Het grote verschil in boeten voor IB-plichtigen en VPB-plichtigen is volgens Hof Amsterdam geoorloofd. Volgens het hof is de wetgever namelijk gebleven binnen de aan haar toekomende beoordelingsruimte. De Hoge Raad oordeelt dat de middelen of klachten niet tot cassatie kunnen leiden (art. 81 Wet RO).
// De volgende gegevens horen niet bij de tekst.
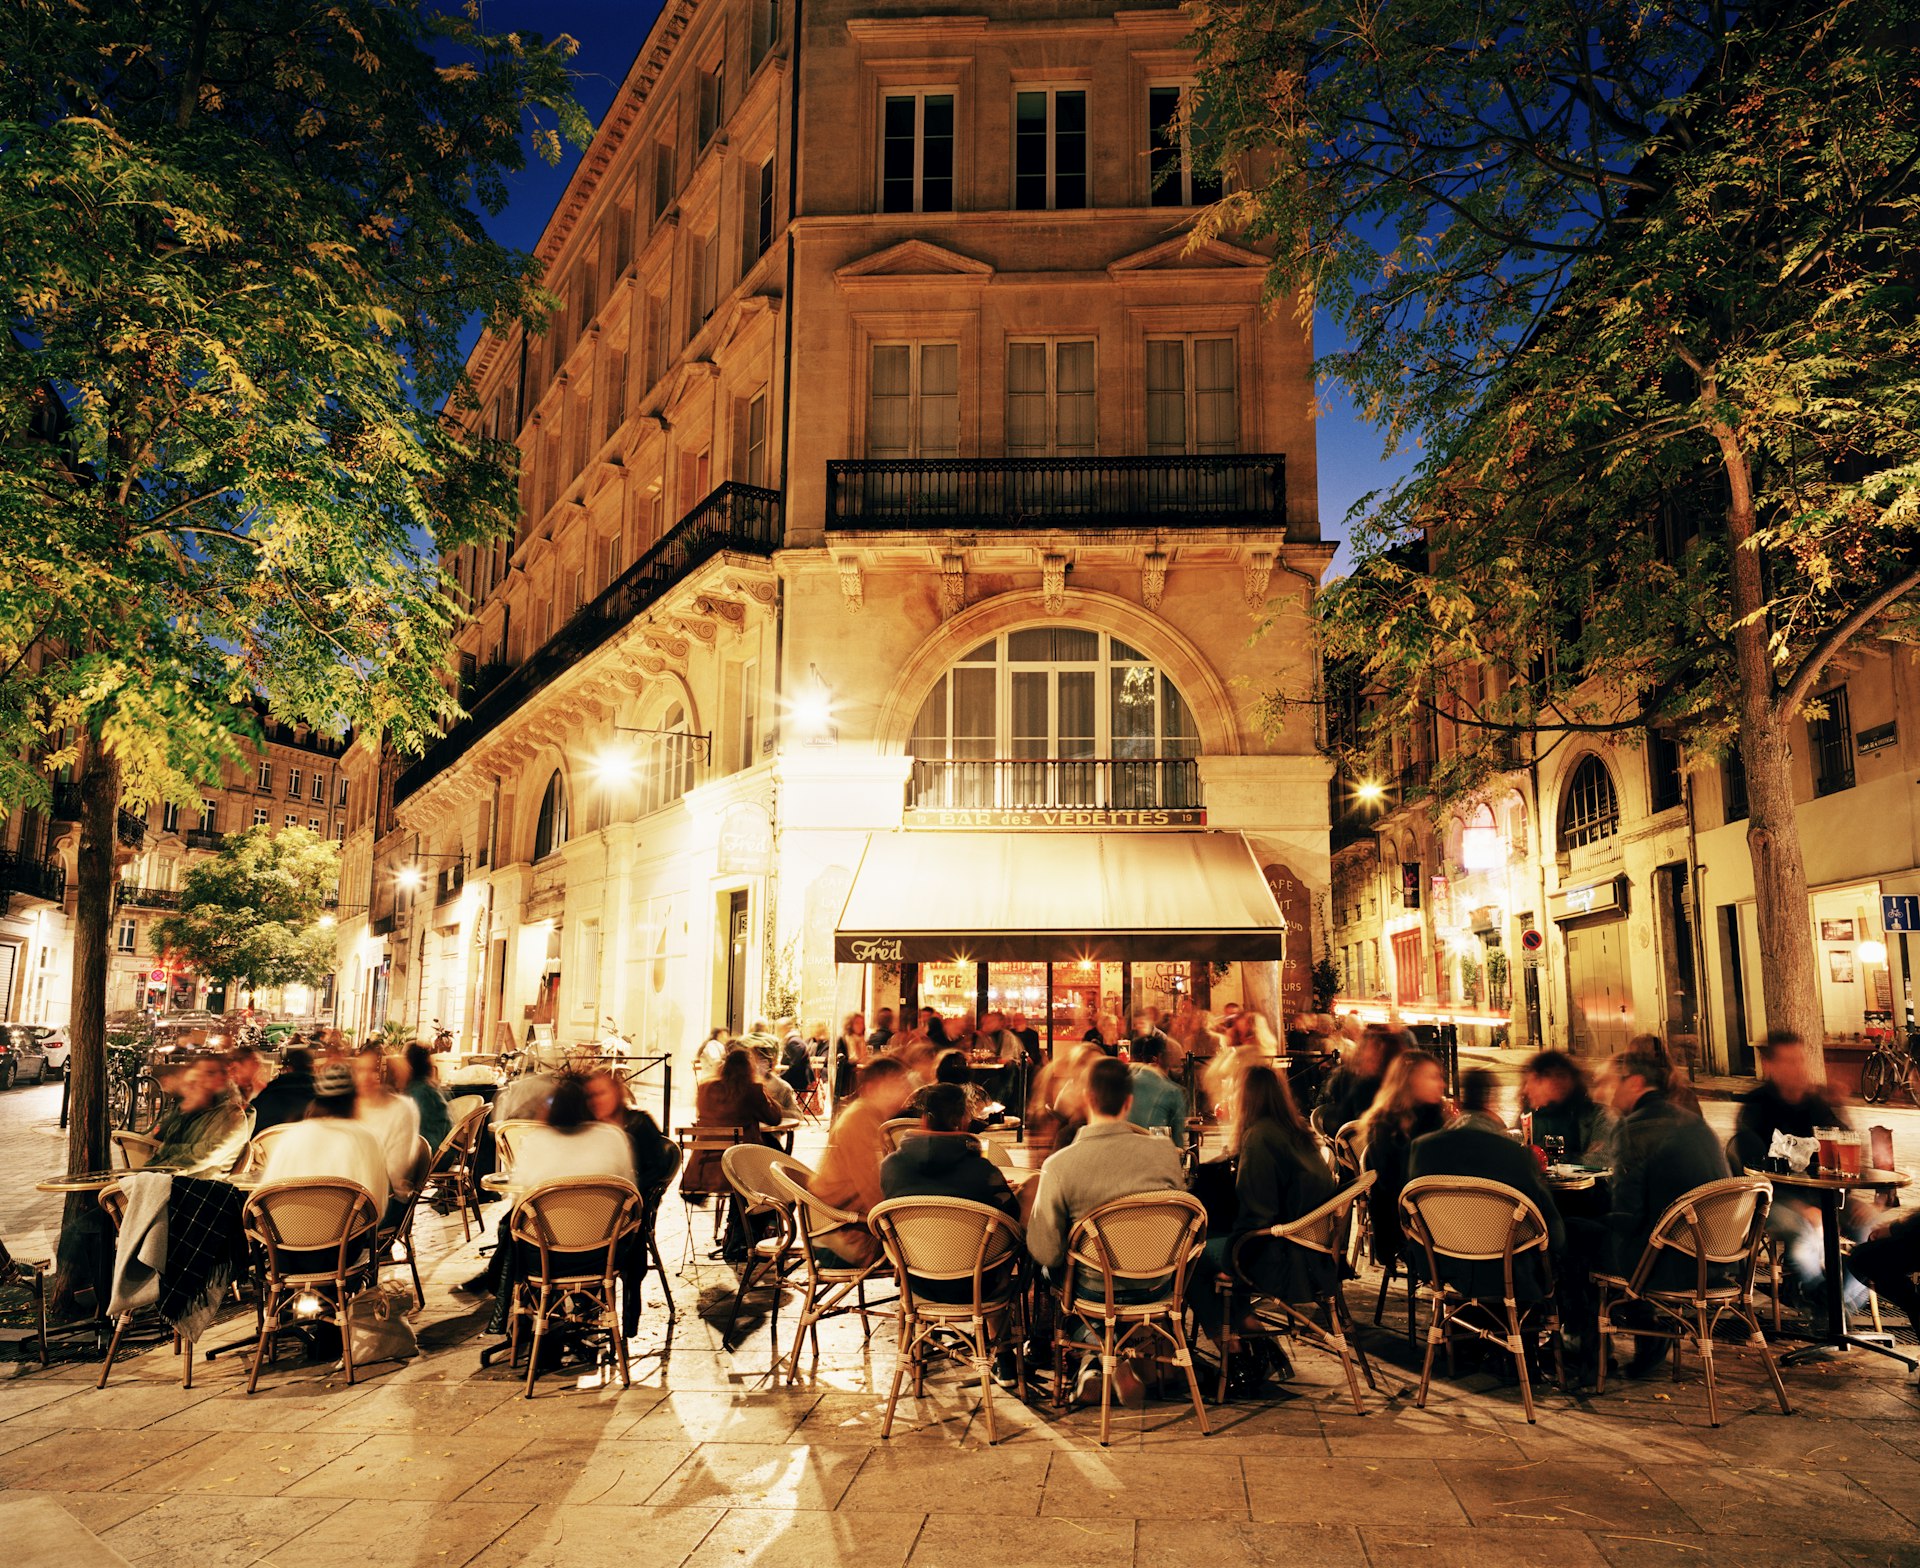 An outdoor cafe scene at night with patrons seated at tables under the glow of street lamps and a warmly lit building façade, creating a lively evening atmosphere

De inspecteur legt een verzuimboete van € 2460 op aan belanghebbende, X bv, in verband met de te late indiening van de VPB-aangifte over het jaar 2009. X bv is het daar niet mee eens en stelt dat de omstandigheid dat de aangifte te laat is ingediend volledig aan haar gemachtigde is te wijten. Verder wijst X bv er op dat er sprake is van een eerste aangifteverzuim voor de VPB en dat de boete discriminatoir is, omdat een vergelijkbare boete voor de IB slechts € 226 bedraagt. Rechtbank Haarlem oordeelt dat X bv onvoldoende aannemelijk heeft gemaakt dat haar geen enkel verwijt treft. Het gelijk is volgens de rechtbank aan de inspecteur.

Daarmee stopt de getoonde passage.